可是那又怎么样?
对于司徒颜来说,这些都是缘分,是上天指使他们再一次相遇,相知,然后他离她如此之近……
近到他们四目相对,看得对方的眸子映出自己的样子。
“路垚,你叫过这个名字……”
云月儿的眼睛更是圆睁起来,“你怎么知道这个名字?你想起来了?”
“嗯。”司徒颜应了一声,看着她眼中绽放出来的欢喜,他便也欢喜了。
他知道自己不是路垚,他是司徒颜,只是能够看到一些路垚的记忆,但是在她这里,他想要骗她,就算是一辈子当她心里的路垚,司徒颜也觉得没有什么不可以的。

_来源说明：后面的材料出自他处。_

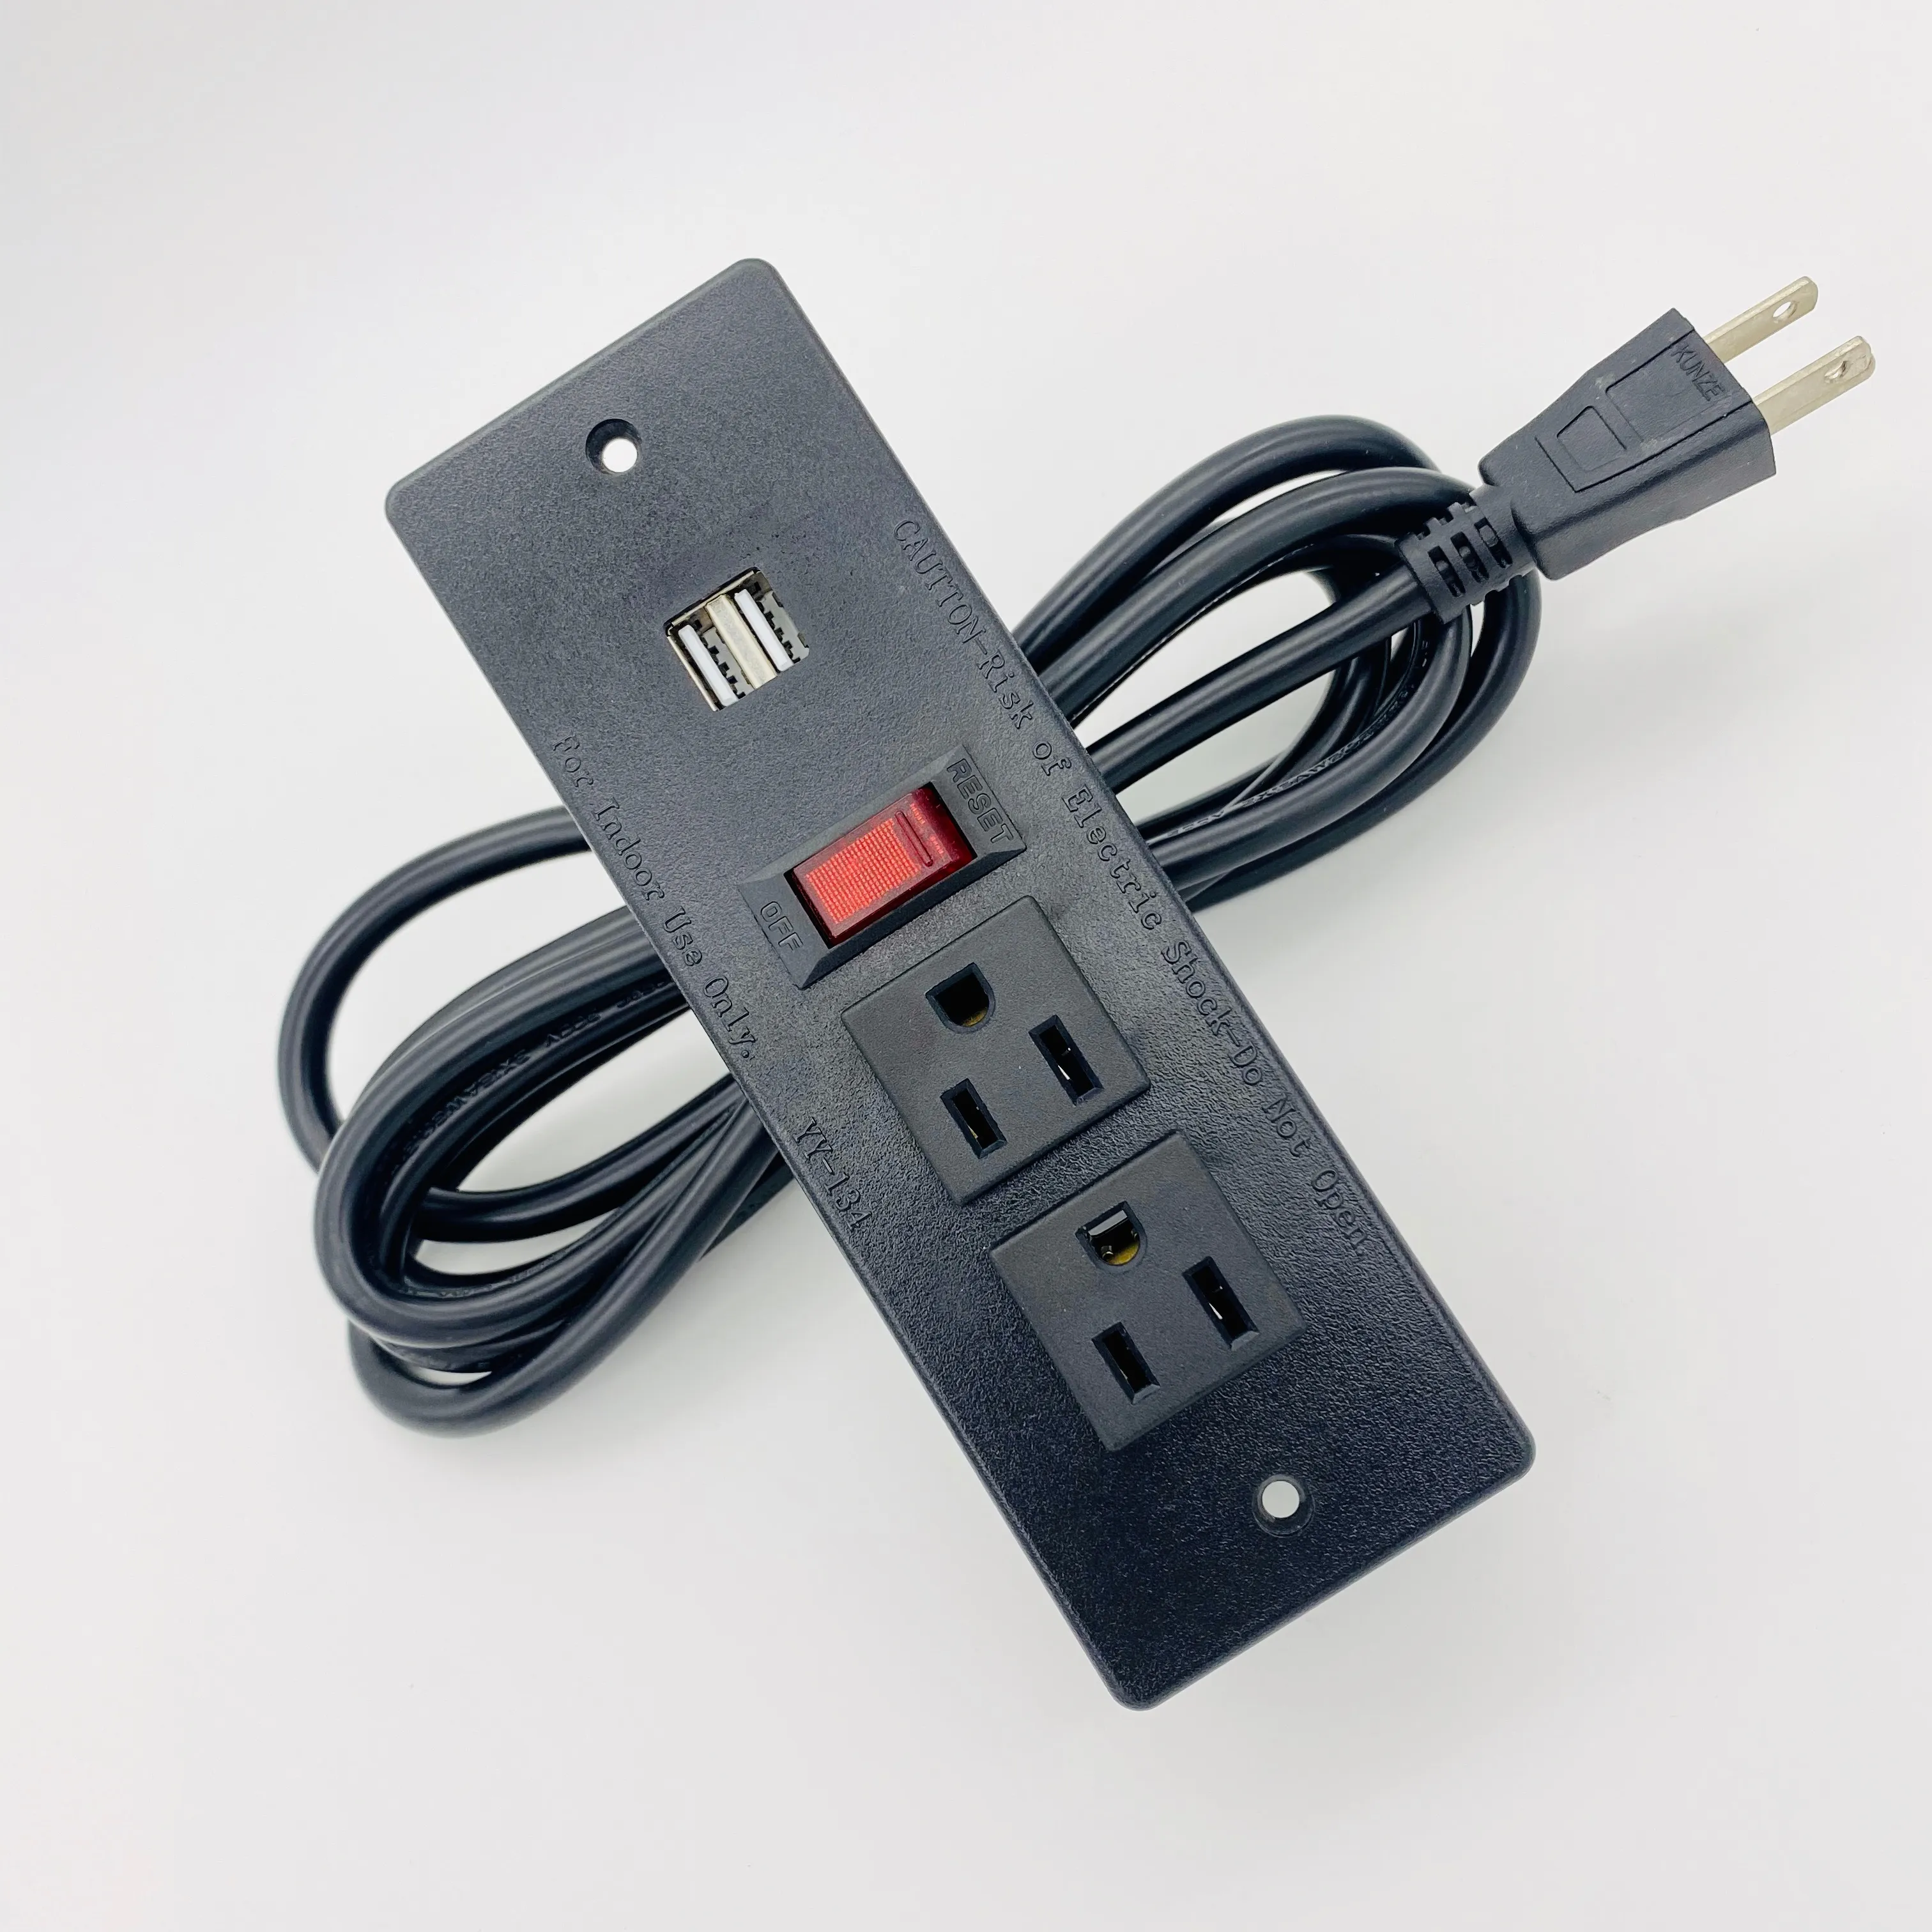 ETL/UL Recessed Installation US type power socket 100-240V/12A/15A power outlet power strip with 2AC+1Switch+2USB

“我还是觉得你们两个不是同一个人!”云月儿有些埋怨的轻声道。
却是比之前的疏离更多了一份亲昵,还有那种微带着几分鼻音的哼哼,带着几分娇气,那是她所能给予枕边人的温柔。
却让司徒颜觉得贴切。
“说什么呢?我也要听我也要听!”郑仕良咧嘴笑着,把脑袋凑了过来。
云月儿一下子就把他的脑袋给推过去了,司徒颜也很有默契的伸出手和云月儿一起抵住他的额头,把他推开。
郑仕良:“???”
“呜呜呜,他们手太黑了,揍我脸上了,我也没办法呜呜呜。”郑仕良攥了攥她的袖子,可怜巴巴的,连头发也乱成鸡窝一样了,“我也疼,要上药。”
云月儿有些无奈,“好了,上药,坐好!”
郑仕良还以为自己还要多多撒泼打滚,可是现在的她出乎意料的温柔,他就张扬的朝着司徒颜笑笑,就把人带到他这边来了。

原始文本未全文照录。